In den vergangenen 30 Jahren sind rund 1,23 Millionen Menschen mehr von Ost- nach Westdeutschland gezogen als umgekehrt. 3,86 Millionen Menschen zogen seit 1990 aus den neuen Ländern nach Westdeutschland.

Die größte Gruppe bildeten mit 1,78 Millionen die 18- bis 29-jährigen. Von West nach Ost zogen im gleichen Zeitraum 2,63 Millionen Menschen. Die Statistik berücksichtigt die Werte von 1991 bis 2019. Das geht aus einer vorliegenden Antwort des Bundesinnenministeriums auf eine Anfrage der Linken hervor, die der Deutschen Presse-Agentur vorliegt.

Die meisten Menschen wanderten in den ersten Jahren nach der Wiedervereinigung in die alten Bundesländer ab. 1991 gab es einen Wanderungsverlust von rund 165 000 für die fünf neuen Länder. Im Jahr darauf zogen gut 90 000 mehr Menschen von Ost nach West als umgekehrt. 2001 waren es unterm Strich knapp 98 000 Menschen, die der Osten einbüßte.

2014 dann drehte sich die Entwicklung erstmals um: In Sachsen, wo die Wanderungsverluste teils besonders groß gewesen waren, kamen unterm Strich rund 1800 Menschen dazu. 2019 gab es ein Plus von rund 1000 für die neuen Länder: Mehr Zuwanderung in Sachsen, Mecklenburg-Vorpommern und Brandenburg glich überwiegende Abwanderung aus Thüringen und Sachsen-Anhalt mehr als aus.
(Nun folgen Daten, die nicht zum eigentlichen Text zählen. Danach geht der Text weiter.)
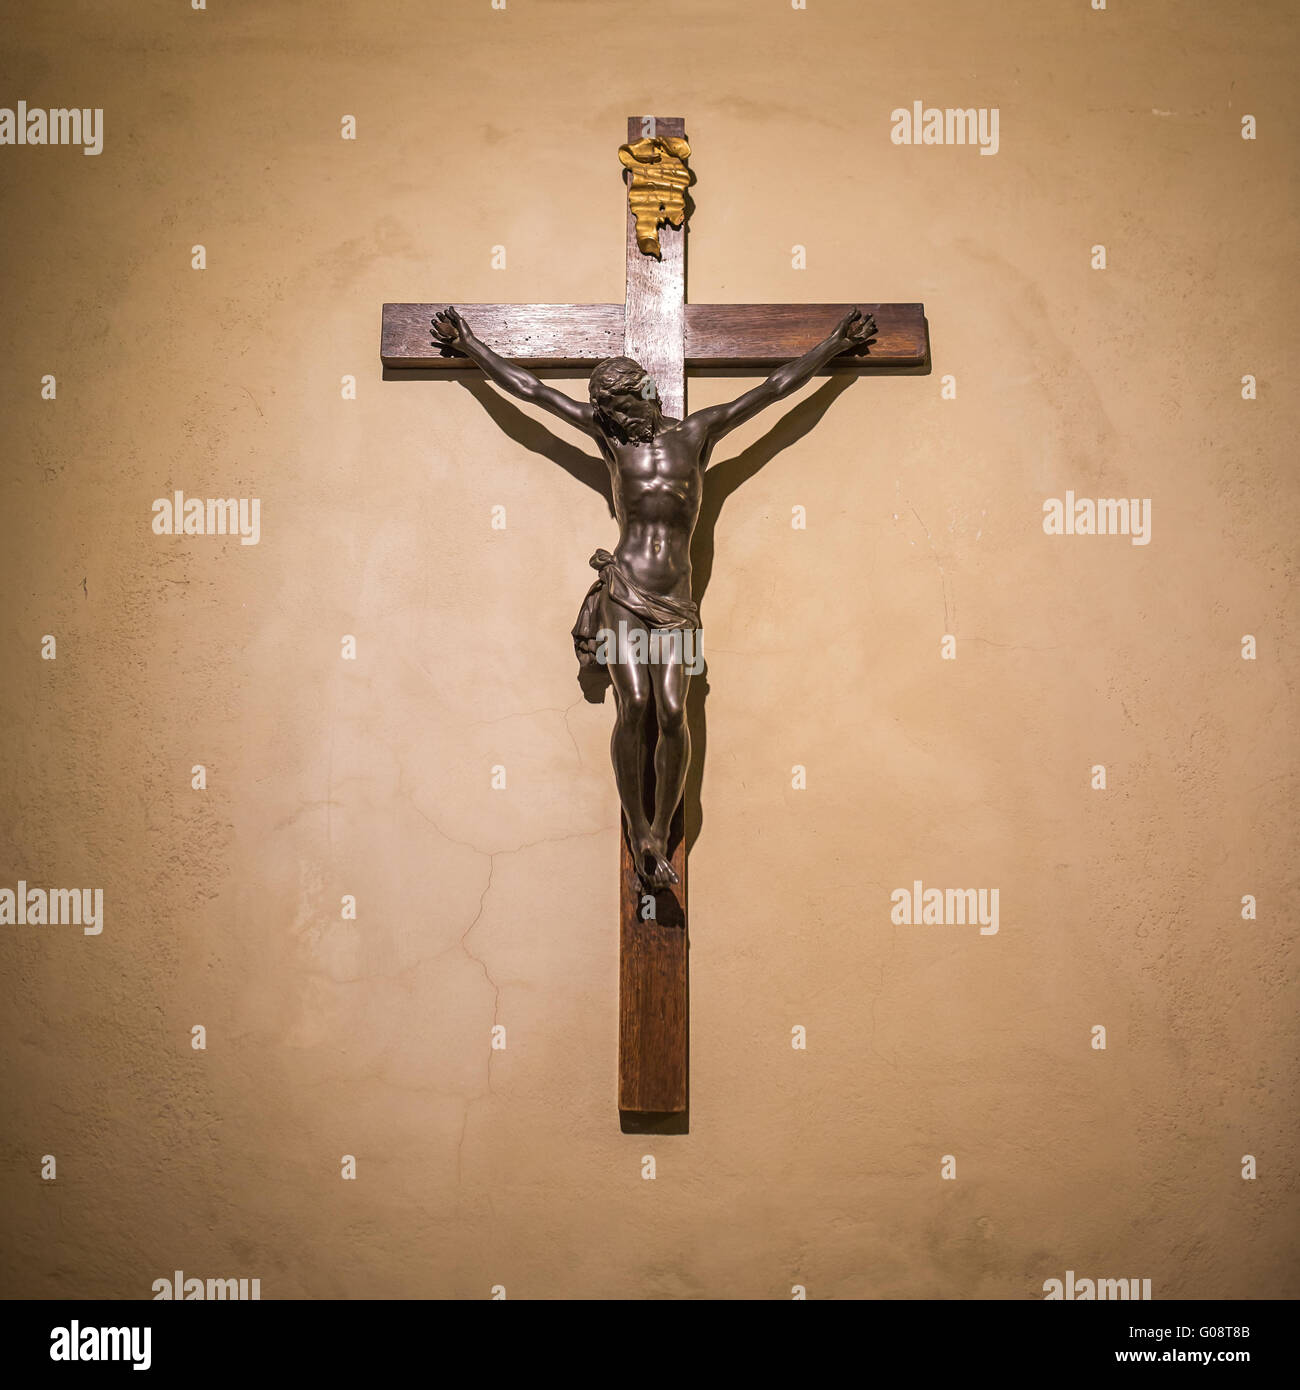 Crucifix on wall in spotlight. Jesus Christ on cross. Religion, belief and hope. Holy and sacred places. Stock Photo

Die Linken-Abgeordnete Sabine Zimmermann, die die Zahlen erfragt hatte, machte ungleiche Lebensverhältnisse für die Abwanderung aus dem Osten verantwortlich. «Viele Ostdeutsche haben ihrer Heimat den Rücken gekehrt, um Arbeitslosigkeit und niedrigen Löhnen zu entrinnen», sagte sie.

Mit der Entvölkerung von Regionen gehe ein Rückbau von sozialer und kultureller Infrastruktur in vielen Städten und Gemeinden einher. Abwanderung werde so weiter befördert.